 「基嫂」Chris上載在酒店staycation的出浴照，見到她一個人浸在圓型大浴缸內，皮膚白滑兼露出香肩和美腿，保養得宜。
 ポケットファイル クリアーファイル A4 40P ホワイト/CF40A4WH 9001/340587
══════════════════════════════
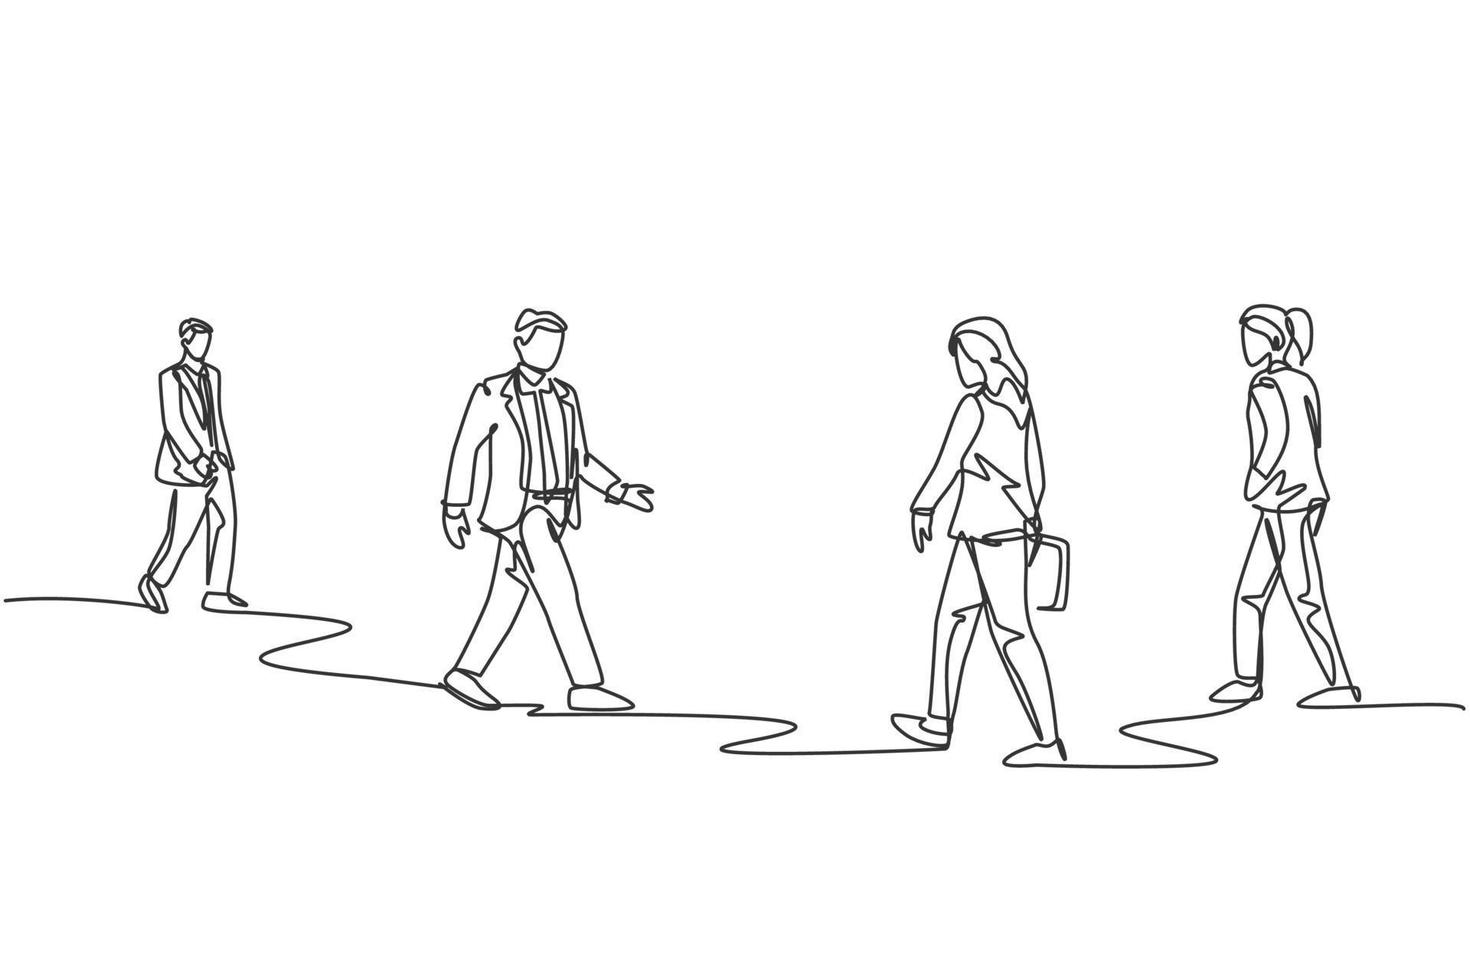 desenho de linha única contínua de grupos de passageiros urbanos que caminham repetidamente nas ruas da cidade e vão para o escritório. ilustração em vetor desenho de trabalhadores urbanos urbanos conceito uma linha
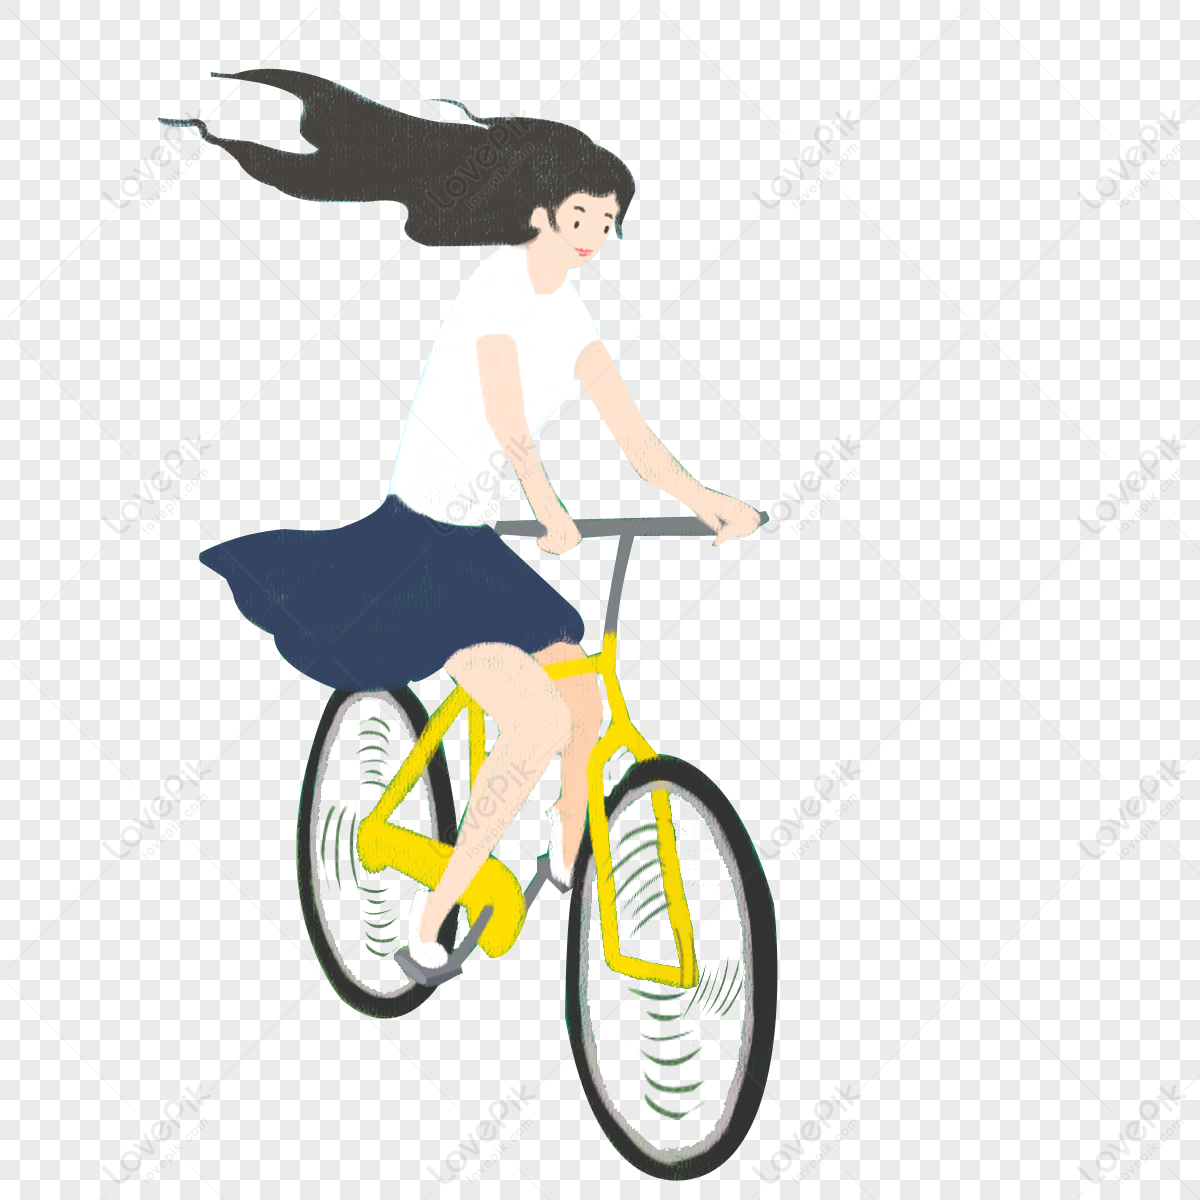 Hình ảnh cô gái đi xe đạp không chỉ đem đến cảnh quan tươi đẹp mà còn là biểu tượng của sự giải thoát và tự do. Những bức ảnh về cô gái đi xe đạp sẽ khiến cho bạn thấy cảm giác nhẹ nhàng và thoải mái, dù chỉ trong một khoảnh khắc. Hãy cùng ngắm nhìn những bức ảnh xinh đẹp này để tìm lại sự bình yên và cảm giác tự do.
══════════════════════════════
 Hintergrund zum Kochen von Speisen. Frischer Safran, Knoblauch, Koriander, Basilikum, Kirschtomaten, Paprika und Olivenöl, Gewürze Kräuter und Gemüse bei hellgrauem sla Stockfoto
══════════════════════════════
Repeat exactly the lines above, beginning at the one containing "desenho de linha" and ending at the one containing "Hình ảnh cô". Do not carry over any pictures.

 desenho de linha única contínua de grupos de passageiros urbanos que caminham repetidamente nas ruas da cidade e vão para o escritório. ilustração em vetor desenho de trabalhadores urbanos urbanos conceito uma linha
 Hình ảnh cô gái đi xe đạp không chỉ đem đến cảnh quan tươi đẹp mà còn là biểu tượng của sự giải thoát và tự do. Những bức ảnh về cô gái đi xe đạp sẽ khiến cho bạn thấy cảm giác nhẹ nhàng và thoải mái, dù chỉ trong một khoảnh khắc. Hãy cùng ngắm nhìn những bức ảnh xinh đẹp này để tìm lại sự bình yên và cảm giác tự do.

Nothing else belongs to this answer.